In this segment, I will be experimenting with different NLP models to see which one performs the best. I will be using the following models: BERT, ROBERA, DistilBERT, and XLNet. I will be using the HuggingFace library to implement these models. I will be using the same data as the previous notebook.

### BERT Model

BERT is a transformer-based model that was proposed in the paper [BERT: Pre-training of Deep Bidirectional Transformers for Language Understanding](https://arxiv.org/abs/1810.04805). BERT stands for Bidirectional Encoder Representations from Transformers. BERT is a pre-trained model that can be fine-tuned for a variety of NLP tasks.

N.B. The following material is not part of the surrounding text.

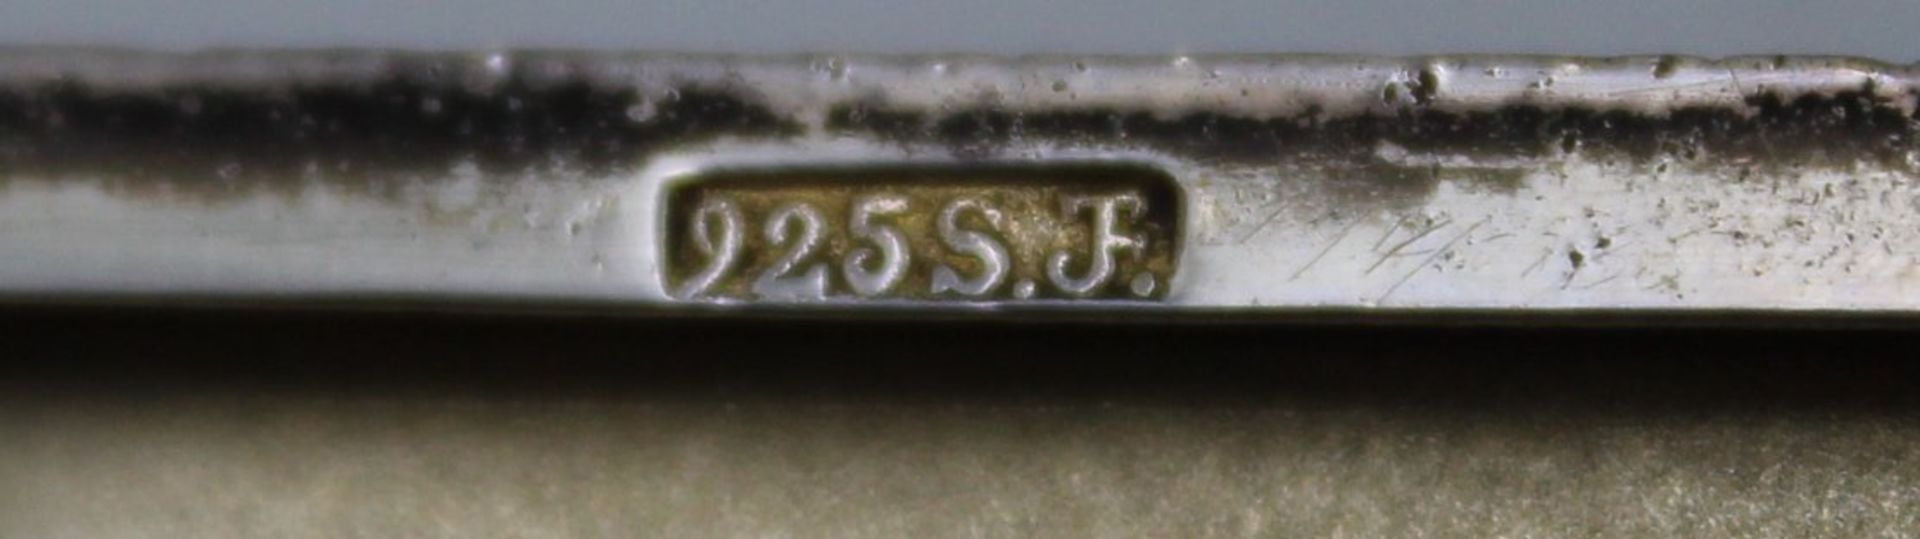 Zigaretten-Etui, 925er Silber, innen Gravur "AEG-SIA" und undeutl. Ritzgravuren, 123gr., ungeputzte - Bild 5 aus 6

BERT is a bidirectional model that uses the Transformer encoder architecture. 

In [28]:
from transformers import (
    RobertaTokenizer,
    BertTokenizer,
    BertForSequenceClassification,
)
from sklearn.model_selection import train_test_split

In [29]:
text_data_X = requirement_relevancy_dataset["action_part"]
label_data_y = requirement_relevancy_dataset["label"]

In [30]:
robert_tokenizer = RobertaTokenizer.from_pretrained("roberta-base")

In [31]:
tokenized_text_data_X = robert_tokenizer(
    text_data_X.tolist(), padding="max_length", return_tensors="pt", max_length=128
)
tokenized_text_data_X = {
    key: val.to(MY_DEVICE) for key, val in tokenized_text_data_X.items()
}

In [32]:
tokenized_text_data_y = robert_tokenizer(
    label_data_y.tolist(), padding="max_length", return_tensors="pt", max_length=16
)

tokenized_text_data_y = {
    key: val.to(MY_DEVICE) for key, val in tokenized_text_data_y.items()
}

In [33]:
bert_model = BertForSequenceClassification.from_pretrained(
    "bert-base-uncased", num_labels=2, device_map=MY_DEVICE
)

ImportError: Using `low_cpu_mem_usage=True` or a `device_map` requires Accelerate: `pip install accelerate`

## Oversampling Of Data

The dataset is pretty imbalanced. So, we will oversample the data to make it balanced. We are currently analyzing various oversampling techniques. We will use the best one for our model. To know more about the various oversampling techniques, please refer to this [link](https://pypi.org/project/smote-variants/)


### SMOTE

SMOTE is an oversampling technique where the synthetic samples are generated for the minority class. This algorithm helps to overcome the overfitting problem posed by random oversampling. It randomly picks a point from the minority class and computes the k-nearest neighbors for this point. The synthetic points are added between the chosen point and its neighbors.


In [None]:
import smote_variants as sv

In [None]:
smote_oversampler = sv.MulticlassOversampling(
    oversampler="distance_SMOTE", oversampler_params={"random_state": 5}
)

In [None]:
oversamplex_X, oversamplex_y = smote_oversampler.sample(
    tokenized_text_data_X, tokenized_text_data_y
)

2024-01-13 00:37:55,104:INFO:MulticlassOversampling: Running multiclass oversampling with strategy eq_1_vs_many_successive


TypeError: unhashable type: 'dict'